Blackhawk Mines B06n Gaming Review-Computer Fraud and Abuse

http://www.ibtimes.com/computer-fraud-abuse-act-2013-new-cfaa-draft-aims-expand-not-reform-worst-law-technology-1158515# The Computer Fraud and Abuse Act was passed in 1984 to combat the cracking of huge computer systems owned by financial institutions and the government. Nearly 30 years and seven amendments later, the law is regarded by many lawyers and academics as overly “expansive” and “sweeping,” as it lets the government incarcerate “any Internet user they want,” according to former federal prosecutor Orin Kerr. “The Computer Fraud and Abuse Act is the most outrageous criminal law you’ve never heard of,” Tim Wu, a Columbia law professor and pioneer of network neutrality, wrote in the New Yorker. “It bans ‘unauthorized access’ of computers, but no one really knows what those words mean.” Despite the enormous reach of the Computer Fraud and Abuse Act as it currently stands – it was the same law used by prosecutors to torment late Internet activist Aaron Swartz prior to his suicide on Jan. 11 -- the House Judiciary Committee has actually proposed a number of expansions to the law in a new draft, which Tech Dirt says will be “rushed” to Congress during its “cyber week” in the middle of April.
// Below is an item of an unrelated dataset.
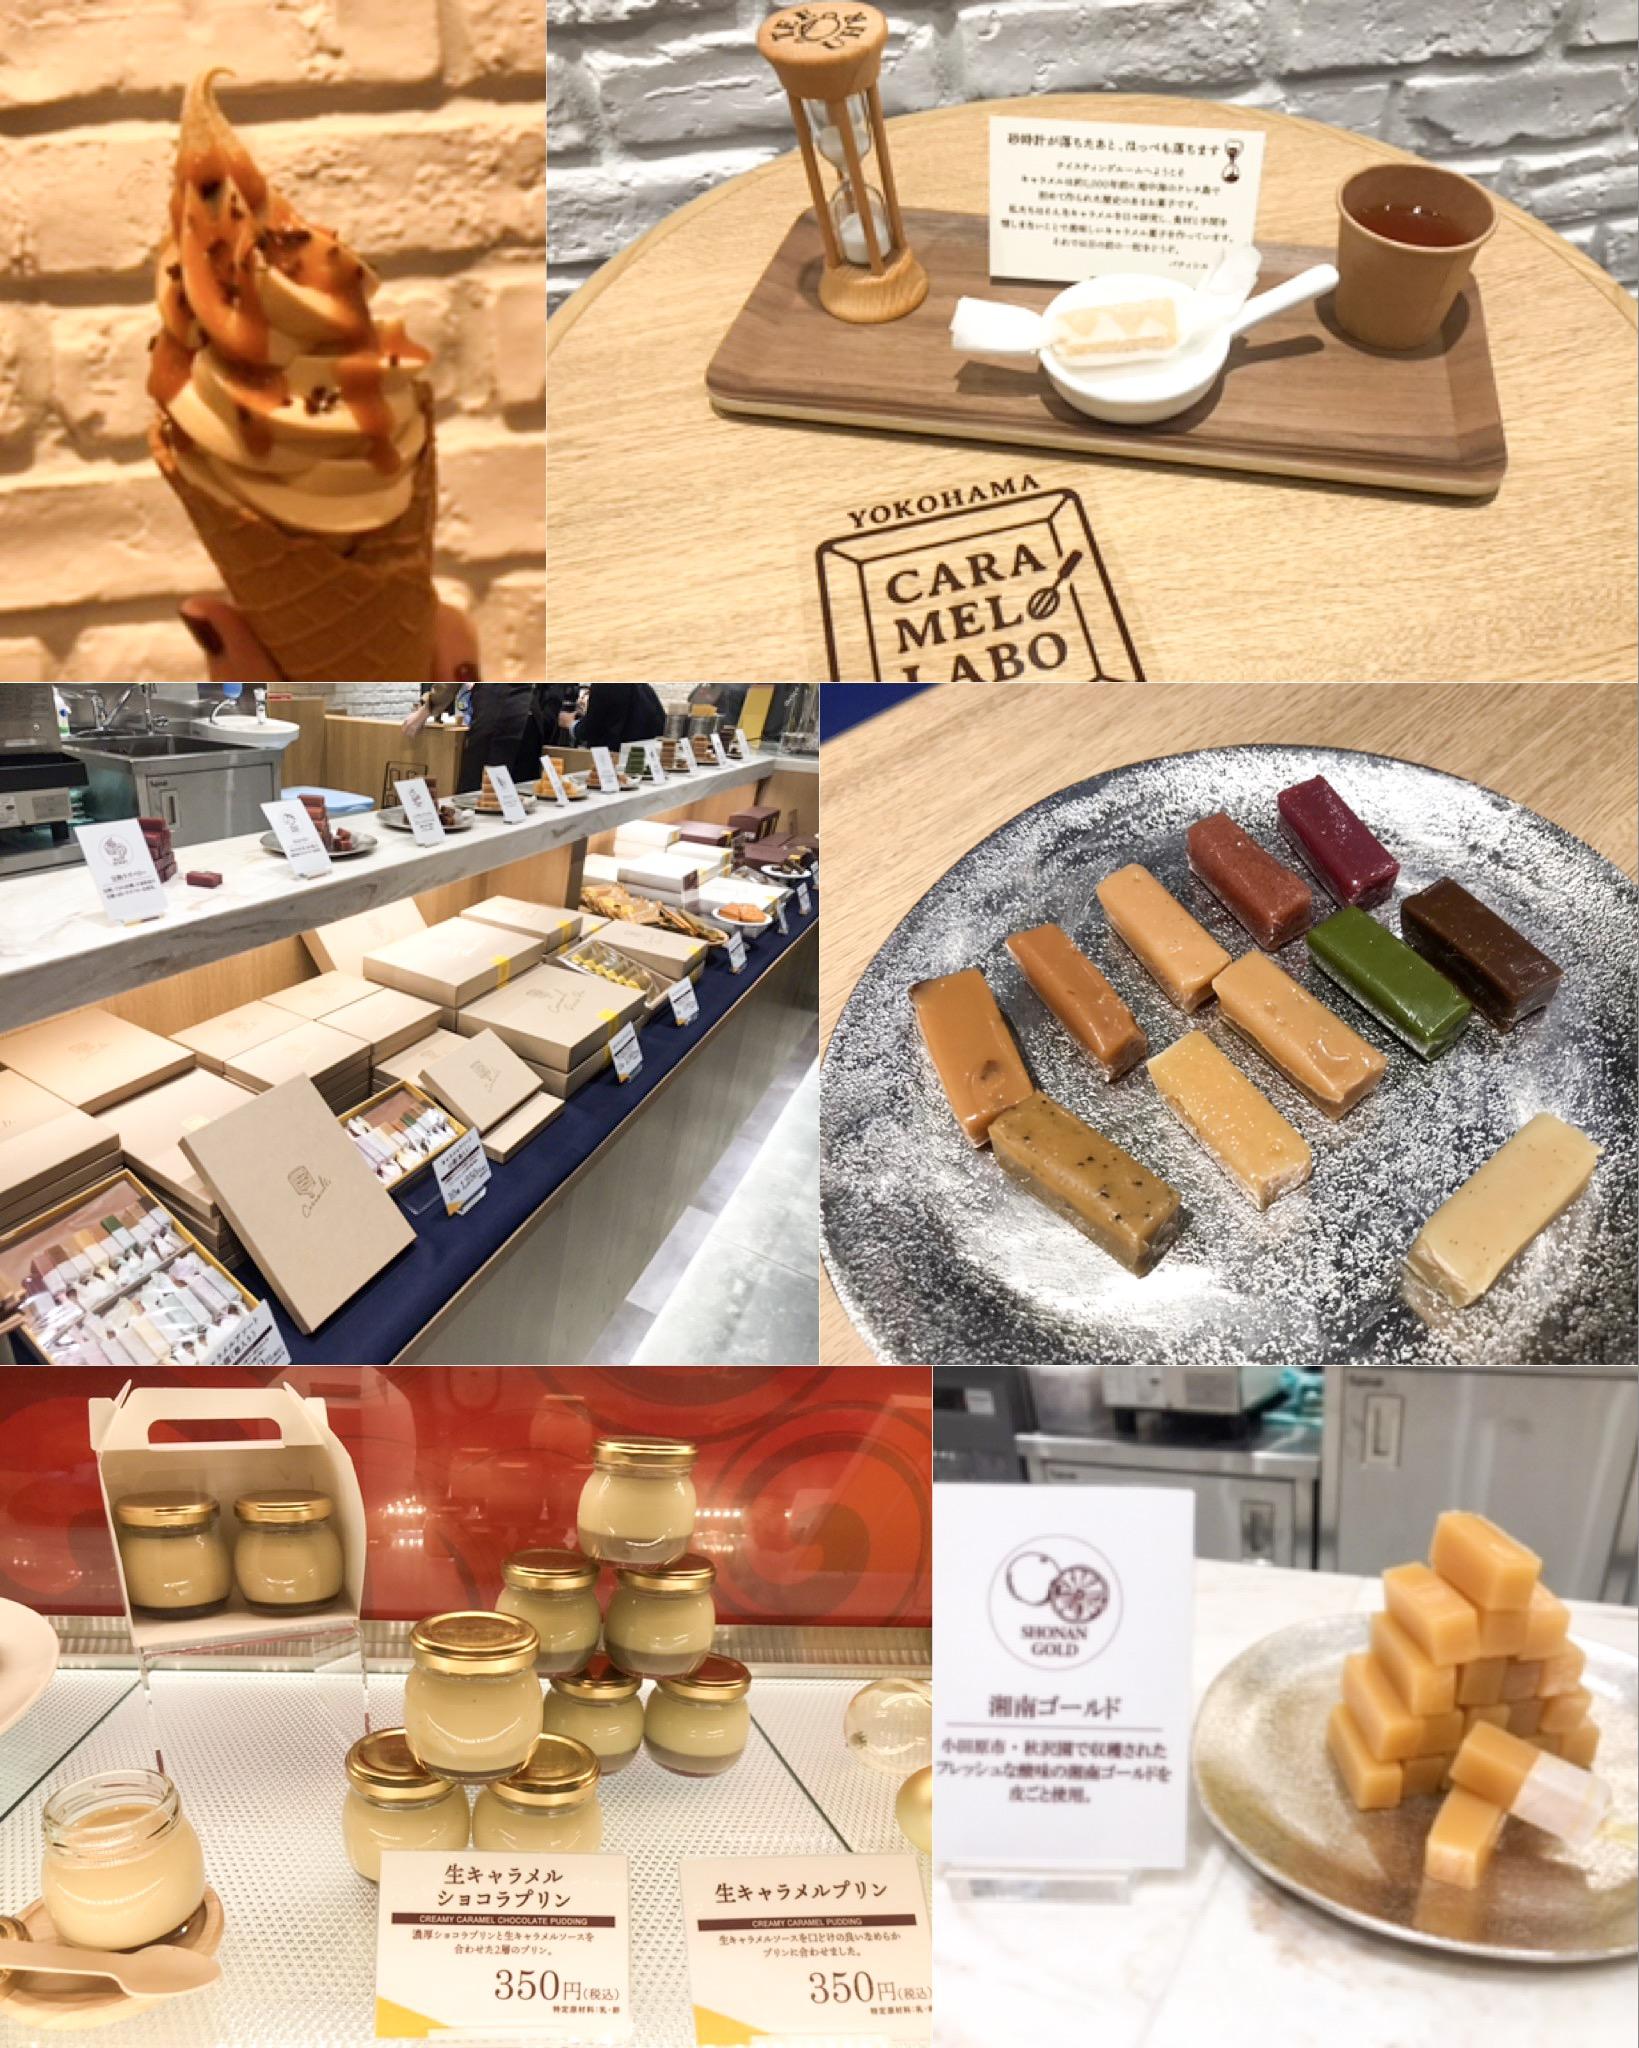 みなとみらい新スポット『横浜ハンマーヘッド』がオープン! おしゃれカフェ、お土産におすすめなグルメショップ5選_17

Among many additions, the new CFAA draft expands the number of ways a person could be prosecuted by punishing anyone who “conspires to commit” violations just like those that have already “completed” the offense. It also adds computer crimes as a form of “racketeering activity,” to allow the Department of Justice to hit computer criminals with further charges in court. And if you’re found guilty, the new CFAA endorses more severe punishments for any offenders by raising the maximum sentences available for certain violations.